In these two examples, I have described a specific man and and specific woman, each conforming to ideas of traditional beauty, but not necessarily what each individual thinks is beautiful.

To test, what is the first image that comes into your head as you read:

"Handsome man"

or

"Beautiful woman"

Different than what I wrote right? With one adjective and one noun, your mind spins a whole being into reality, complete with looks and and a personality, the paradigm of what you believe to be  "handsome" and "man", and/or "beautiful" and "woman". For those of you that created a handsome beautiful man woman, I applaud your creativity for it stretches far beyond my own.

Now, if we enter the realm of what I believe is poetry, it gets even simpler. I just made this poem up a couple seconds ago to serve as an example.

Your face
among the drifting cherry blossoms.
Do they enhance your beauty?
Or do you complete theirs?

I actually kinda like this one.

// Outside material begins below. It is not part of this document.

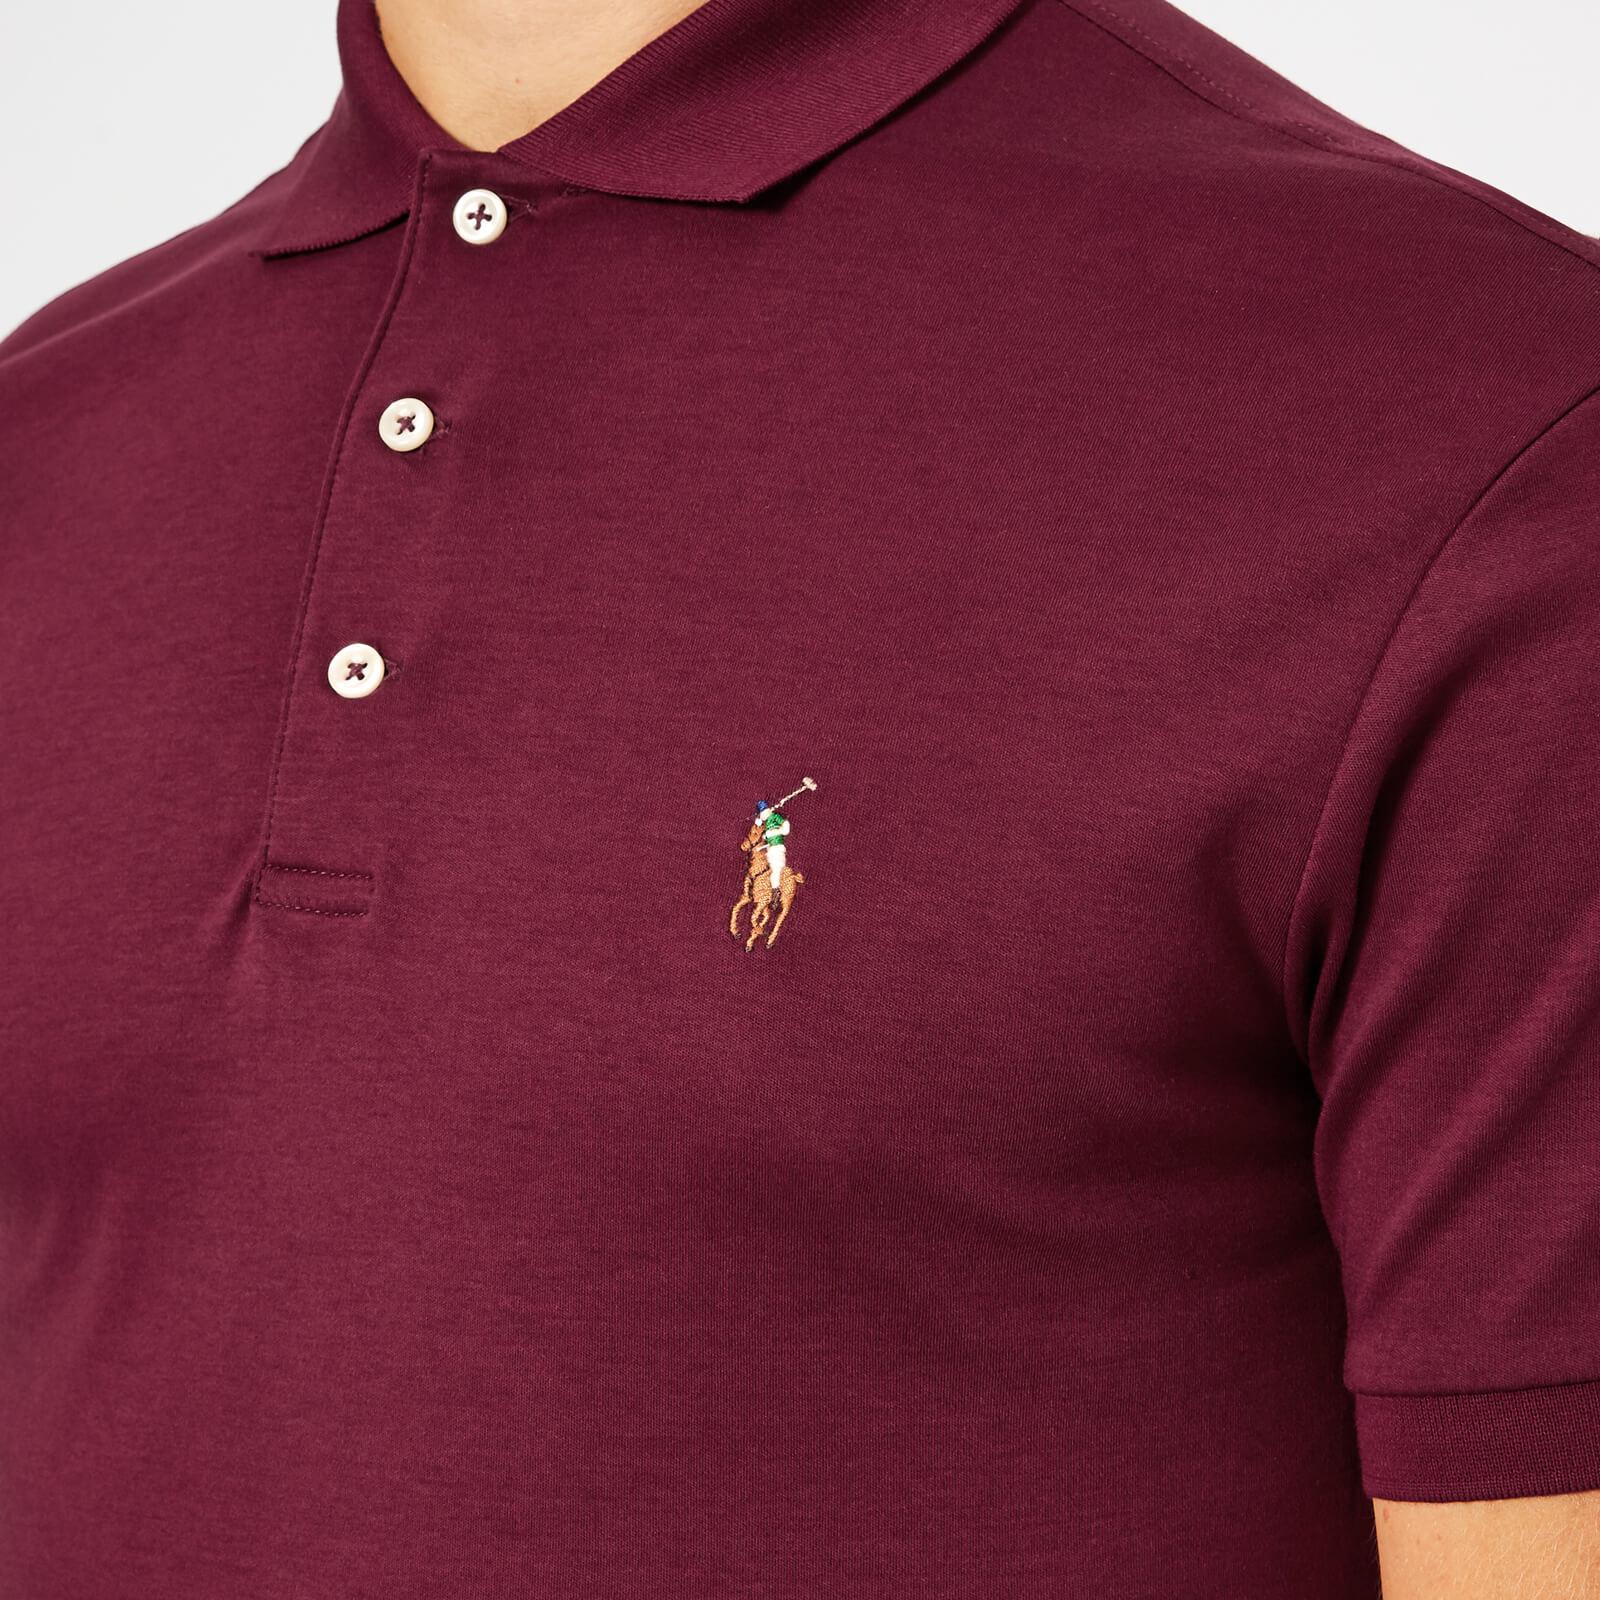 Ralph Lauren Men/'s Short Sleeve Custom Fit Logo Pique Polo Shirt $0 Free Ship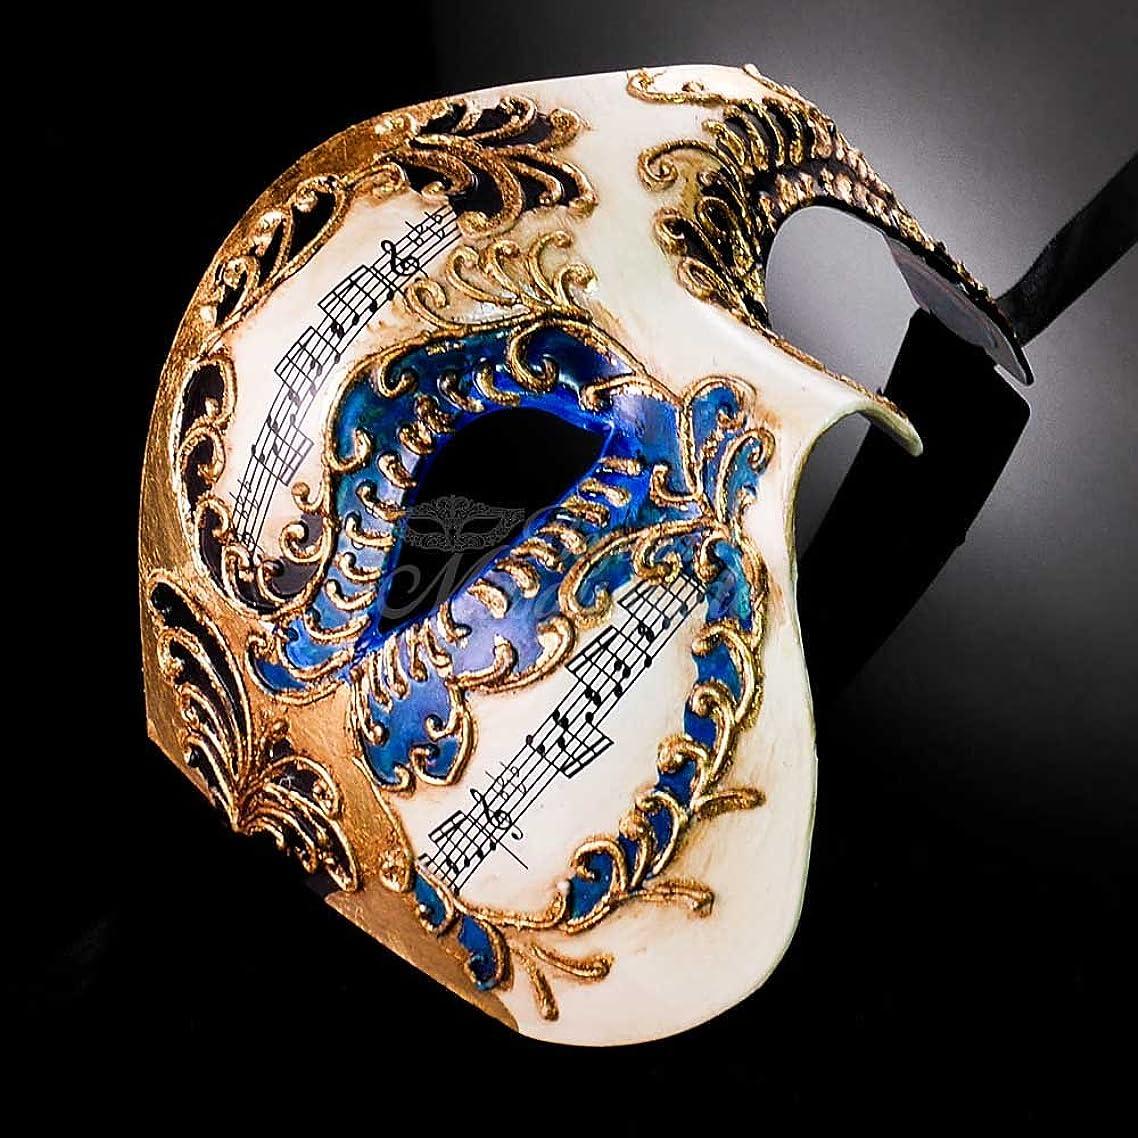 Gold Lining Musical Blue Venetian Half Masquerade Mask Phantom Design by Chom

I think I'll put it in after a few more edits.

In this case, I have given you a simple image of floating cherry blossoms (it is Spring in Japan after all), and a face. The face is totally up to you, but because of the last couple of lines, it will be your lover, or the lover you wish you had. I personally like interplay between contrasts, which is the only thing I can think of most of the time, so that's what you get, the balance of beauty and the question of which one is the main and which one is the complement.

The most wonderful thing about poetry is that it's supposed to be deep. So hell, if you see an image that I never intended, props to you. Just give me the credit ;)

All in all, this is a rather late start to consider writing as a career, but Amy Tan first published The Joy Luck Club at 38 years old, which means I still have some time left. I'll just need to find a way to feed myself until then.

For those of you who have been published, in any medium, do you have tips for a hopeful writer?